Rahayu binte Mahzam (Jawi: رحايو مهزم; born 1980) is a Singaporean politician who has been serving as Senior Parliamentary Secretary for Health and Senior Parliamentary Secretary for Law concurrently since 2022. A member of the governing People's Action Party (PAP), she has been the Member of Parliament (MP) representing the Bukit Batok East division of Jurong GRC since 2015.

A lawyer by profession, Rahayu specialises in civil litigation and family law. She made her political debut in the 2015 general election as part of a five-member PAP team contesting in Jurong GRC and won 79.3% of the vote.

Education 
Rahayu studied at Raffles Girls' School and Raffles Junior College before she went to the National University of Singapore's Faculty of Law, where she completed a Bachelor of Laws in 2003 and was called to the Bar in 2004.

Career 
Rahayu joined Heng, Leong & Srinivasan LLC as a partner in January 2008, specialising in civil litigation and family law. In 2013, she left practice and served as Deputy Registrar at the Syariah Court of Singapore before returning to practice in August 2015. She is also an Associate Mediator accredited by the Singapore Mediation Centre.

Political career 
Rahayu was announced as a People's Action Party (PAP) candidate on 20 August 2015 to join the five-member PAP team contesting in Jurong GRC during the 2015 general election. After the PAP team won with 79.29% of the vote against SingFirst, Rahayu became a Member of Parliament representing the Bukit Batok East ward of Jurong GRC. In 2017, she was part of the taskforce set up to implement tighter regulations on formula milk manufacturers.

During 2020 general election, Rahayu joined the five-member PAP team contesting in Jurong GRC again and they won with 74.62% of the vote against Red Dot United. Rahayu thus retained her parliamentary seat in Bukit Batok East and was appointed Parliamentary Secretary on 1 September 2020 at the Ministry of Health. 
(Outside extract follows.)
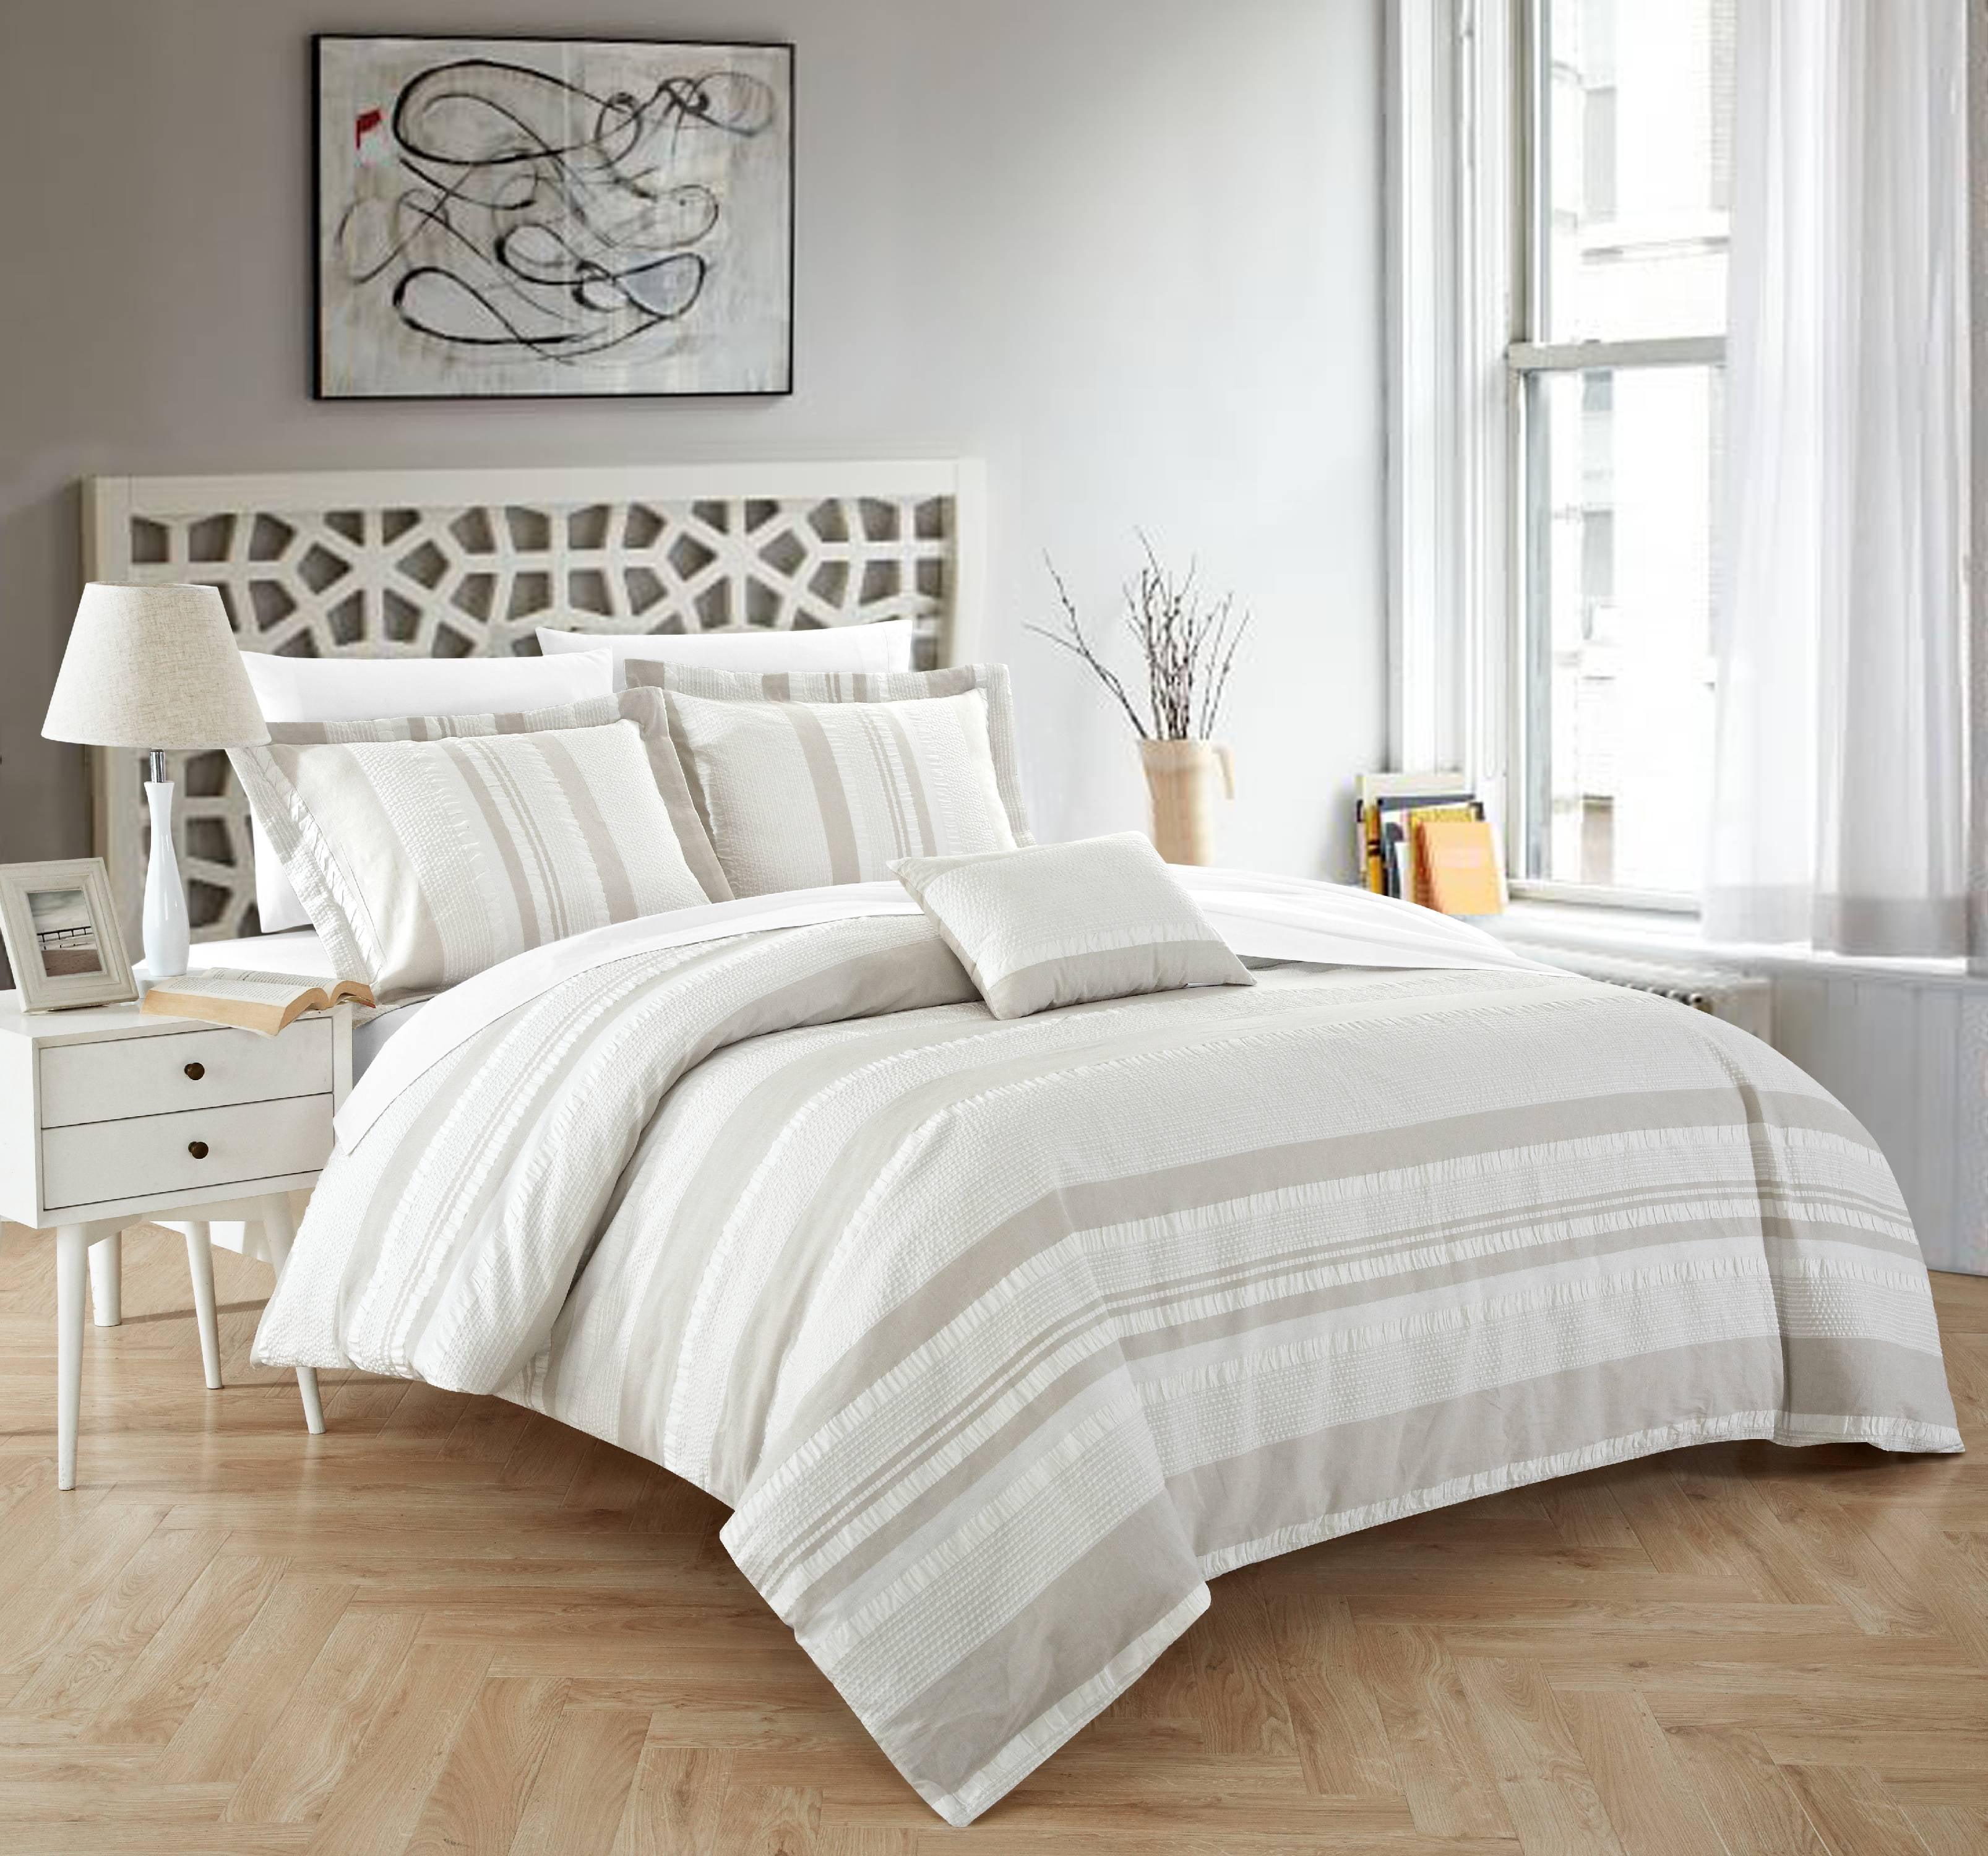 Chic Home Devon 4 Piece Duvet Cover Set 100% Cotton Seersucker Striped Design Zipper Closure Bedding with Decorative Pillows Shams Included, King Beige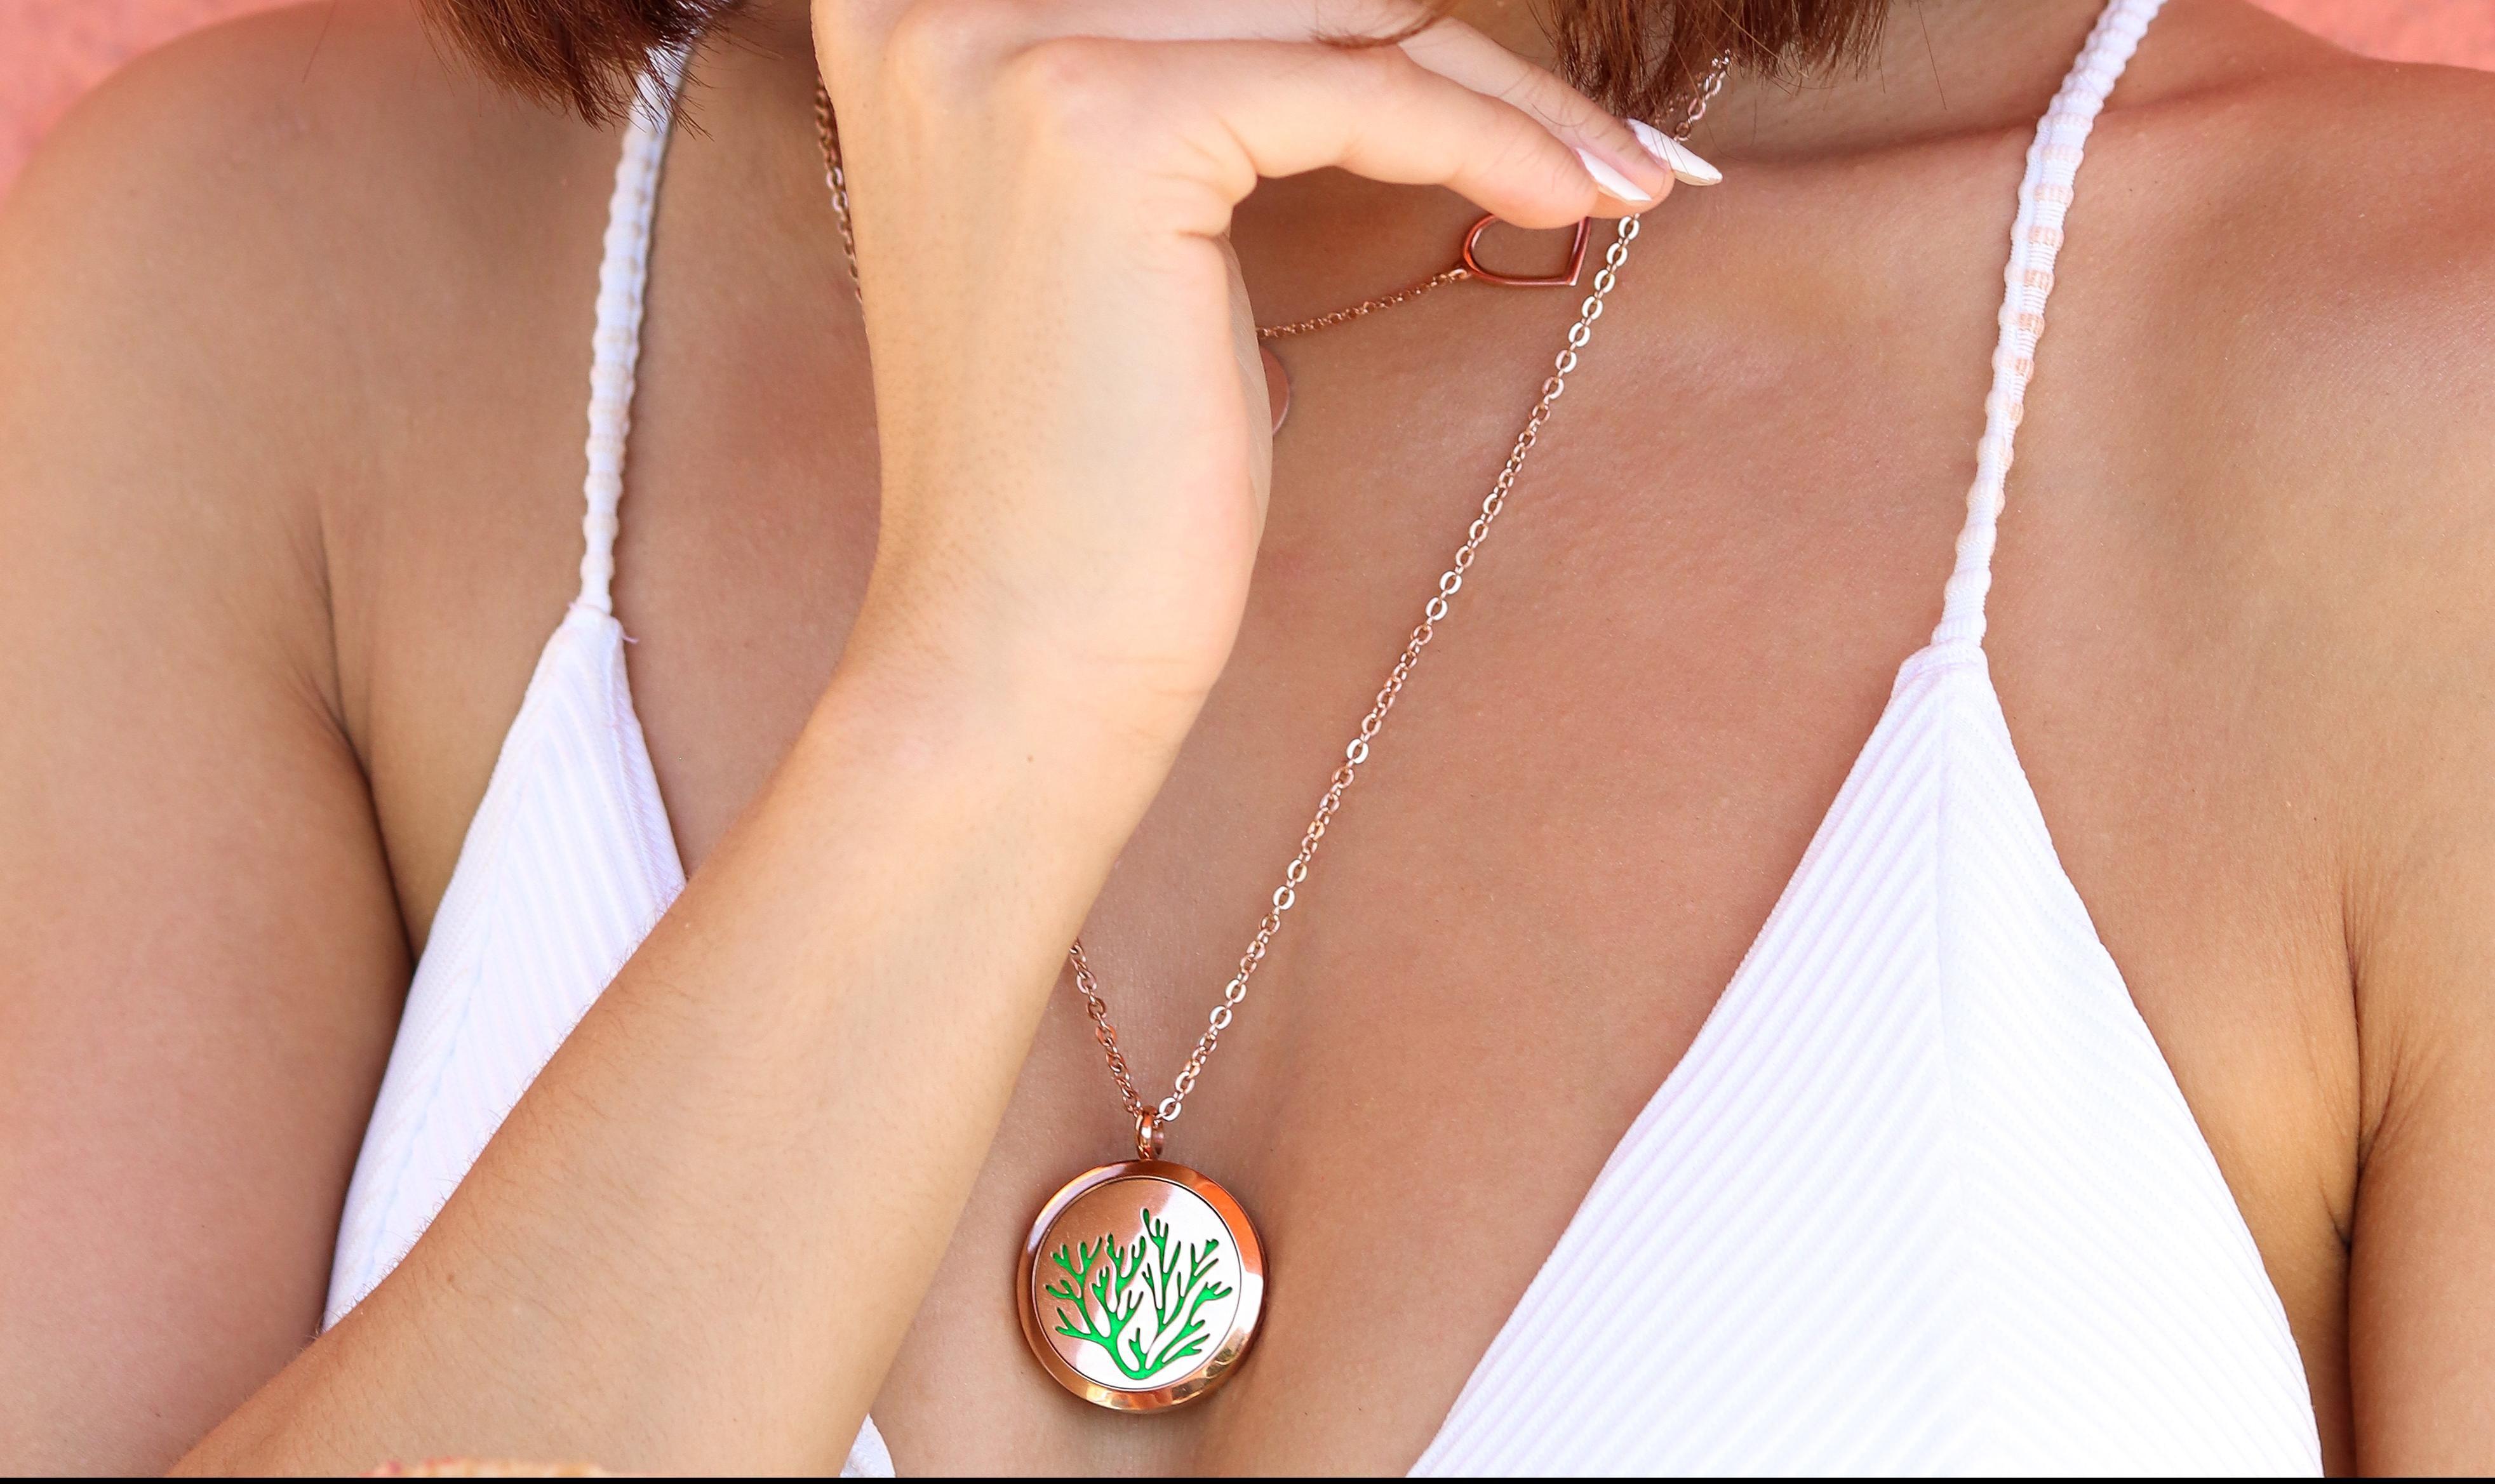 Lykke ljetna kolekcija nakita inspirirana je ljepotama Hrvatske

On 15 May 2021, she received an additional appointment as Parliamentary Secretary at the Ministry of Communications and Information. Rahayu was promoted Senior Parliamentary Secretary at the Ministry of Health on 13 June 2022 with the Ministry of Law added to the portfolio, and relinquished the Communications and Information portfolio.

Personal life 
Rahayu is the eldest of three children and her parents were a security officer and a civil servant.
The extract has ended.